Too much teen tanning?
Published 12:00 am Tuesday, April 7, 2009
By Jessica Gresko
Associated Press
TALLAHASSEE, Fla. (AP) ó Miss Florida Teen USA Kayla Collier was 15 when she first visited a tanning salon so the stage lights at a local pageant wouldn’t make her fair skin look ghostly white.
Later that year, as she tried on homecoming dresses, her mother noticed what looked like a scab on her back.
It turned out to be skin cancer.
And though she can’t definitively link the tanning to the cancer, Collier, now 18 and healthy, won’t be back under the bulbs. On Wednesday, her voice catching, she asked Sunshine State lawmakers to ban people under 16 from using tanning beds.
“I know teenagers that go every day, every week, twice a day sometimes to tanning beds,” said Collier, who wore her sash and a sunshine yellow jacket. “I do believe that it did play a part in my skin cancer.”
Florida is among 17 states, including Hawaii, considering laws this year that would restrict indoor tanning by minors. Proposals would ban teens from tanning salons or require them to get notes from parents or doctors.
After the Florida bill passed a Senate committee, Collier’s mother, Claire, who had signed the permission form that allowed her daughter to tan, said she hopes the full Legislature will approve it.
“Do you really realize that your daughter or son ó after just a few times in the tanning bed ó could have melanoma? I didn’t,” she said.
Opponents say the tanning beds are safe for teens and their use should be up to parents, not states.

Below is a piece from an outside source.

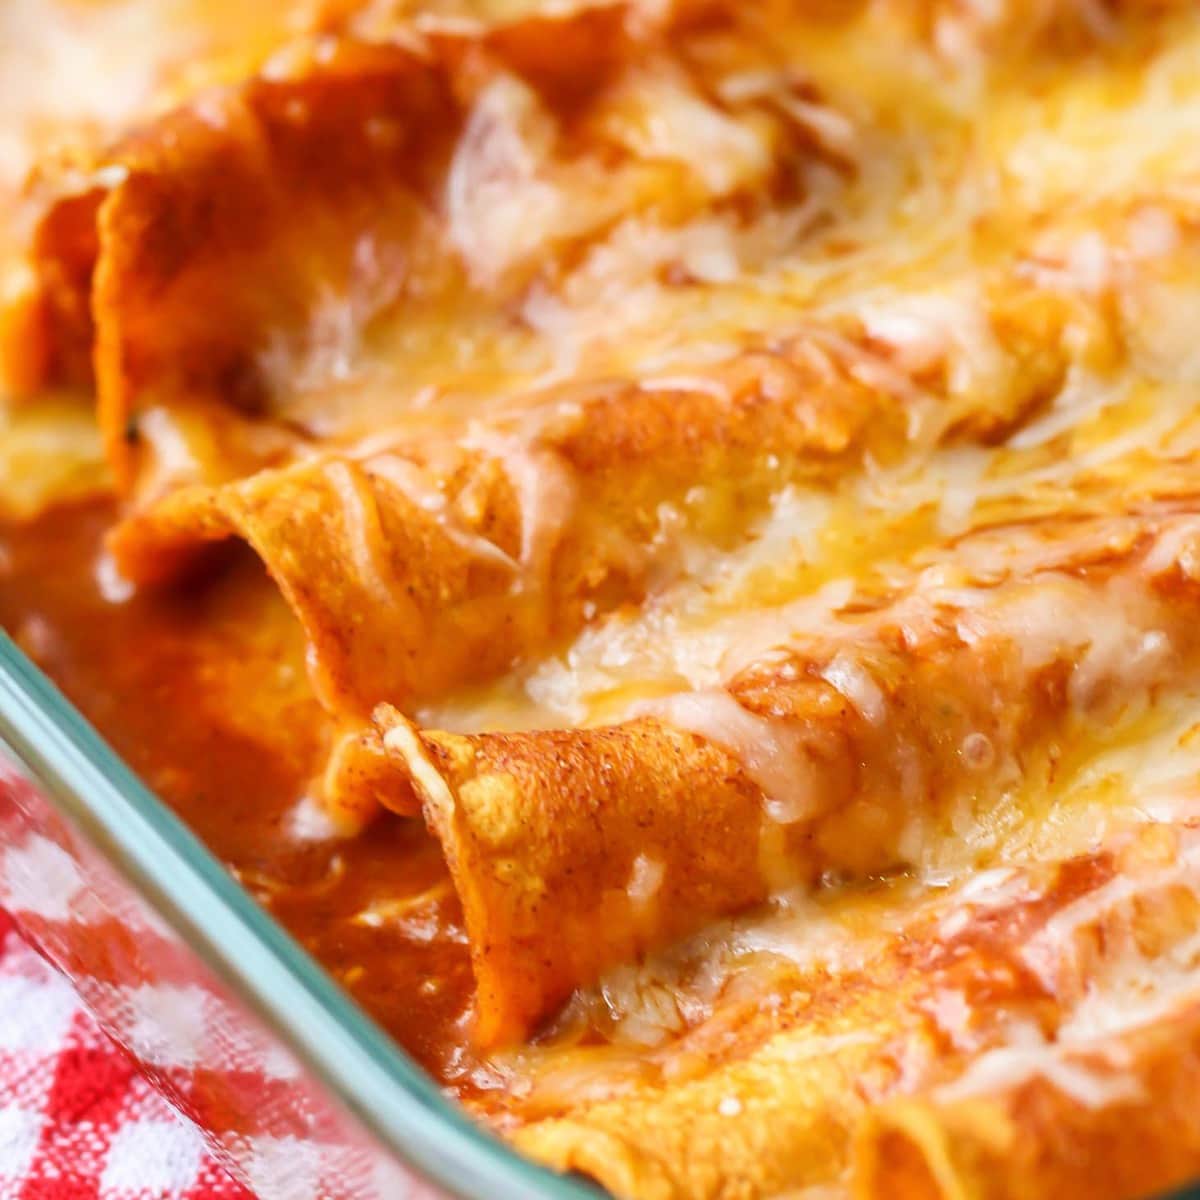 Mexican Christmas food - close up of a baking dish filled with cheese enchiladas.

“I gotta tell you, you cannot regulate everything in this world,” said Florida Sen. Mike Bennett, a Republican who voted against the bill. “I suppose we could say the same thing and outlaw tanning on the beach.”
Persuading teens to stop tanning could be a hard sell. According to one study released in 2002, a quarter of those ages 15 to 18 had used indoor tanning in the past year.
Florida already requires parental approval before minors can use tanning salons. If the new law passes, it would be among the strictest in the nation. Only one state, Wisconsin, bans teens 16 and under from using tanning beds, though a handful of others ó California, New York and New Jersey among them ó ban the under-14 crowd. At least 29 states have some regulations governing tanning by minors.
Even more restrictive proposals in Texas and Vermont would prohibit anyone under 18 from using a tanning bed without a doctor’s note.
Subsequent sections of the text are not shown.